Alliance Youth Panel adds voice to Black Lives Matter movement

Rashan ()

This year’s International Youth Day aims to highlight the many ways in which the engagement of young people at local, national and global levels is enriching national and multilateral institutions.

At the Alliance, we recognise the enormous contribution young people make to our society and the importance of putting the youth voice at the heart of all we do.

The Black Lives Matter movement has underlined the injustices and inequality that Black people face across the world and in the UK and has made every section of society acknowledge that up to this point, we have not done enough.

Our Youth Advisory Panel member, Rashan McDonald, has written a powerful and eye-opening blog about systematic racism and his own experiences as a young black man.

Rashan McDonald ()

So, let me get straight to the point; the generation that we live in right now isn’t socially equal; racial segregation and discrimination still exists.

It’s amazing to see that our generation is highlighting BLM in many ways possible, through petitions, promoting historical articles/films/educational TV shows, protests, social media promotion, local MP engagement, GoFundMe pages and highlighting issues in the workplace too.

I have also experienced some of this unjust behaviour; as a hard-working black man, who focuses on my work and football, I have been stopped and searched after a football game when making my way home.

I was with a few of my teammates when the post-football stop and search happened. At the time, the police saw us in a rented car (provided by the university) and they suspected us to be drug dealers. They then proceeded to surround the car with police officers before hand cuffing myself and my other black teammate FIRST.

They then proceeded to call my Black friend a ‘thug’ and moved him away from the rest of us; I identify that as a discriminatory action. They found nothing on us (as expected) but the whole process of how they dealt with us was horrible.

However, that treatment is nothing compared to what I have seen with George Floyd, Breonna Taylor, Tamir Rice, Elijah McClain, Belly Mujinga and many other black people that had their lives taken due to an unjust system, and this scares me.

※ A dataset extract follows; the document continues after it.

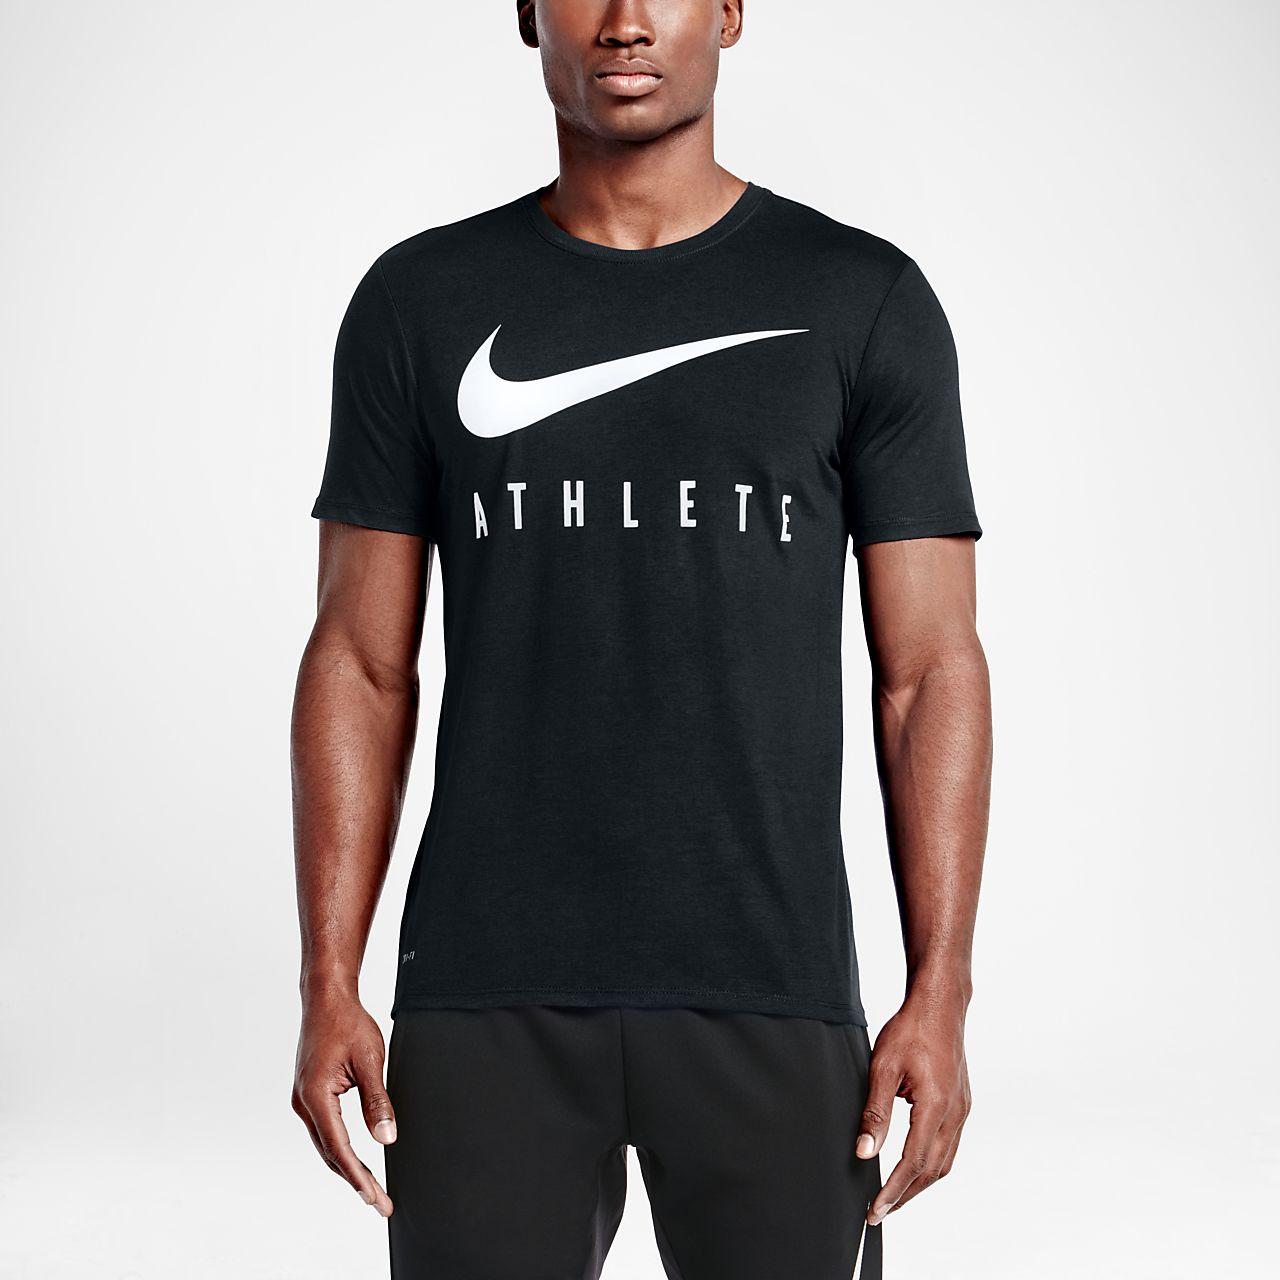 90b7e8c55caa3c Nike Swoosh Athlete Men s T-Shirt. Nike.com CA

As a black person, we are more likely to get stopped and searched and treated like the names above. The fact that so many innocent Black people have been murdered, brutally harmed and discriminated from the ‘enforcers of the law’ is part of a wider issue and still highlights segregation in this modern day. These unfair actions have caused an uproar in our generation and motivated us to promote the matter so far and wide.

My position as a Youth Advisory Panel member can help to tackle this discrimination by helping to provide a youth perspective on all relevant campaigns, including Black Lives Matter. Myself, the Youth Advisory Panel, the Alliance and wider sector must now use our ‘voices’ to inform other people of this movement and why it is important to support it.  

It’s inspiring to see how organisations, such as the Premier League are promoting the Black Lives Matter movement and encouraging those in power positions to use their platforms as a voice to spread the movement. This is not enough though; words can speak louder than actions.

It now lies to all organisations in the sport and recreation sector to take action; through developing equality and diversity policies, to providing mandatory racial recognition/development/inclusion training for coaches of all levels, to ensuring people of BAME backgrounds are equipped with the opportunities that allow for key decision making roles within the sector.

This is more than just lip service though, this is change. Change across the UK to develop employment opportunities for young, black people, change in how we talk and how we think, instilling confidence to call out discrimination where justified. A change to our biases- conscious and unconscious. But this cannot be created without everyone’s voice. When society and our sector listen to our young stakeholders, our action becomes more united in strength.

Without the voice of everyone, we are powerless to enact the change we really want.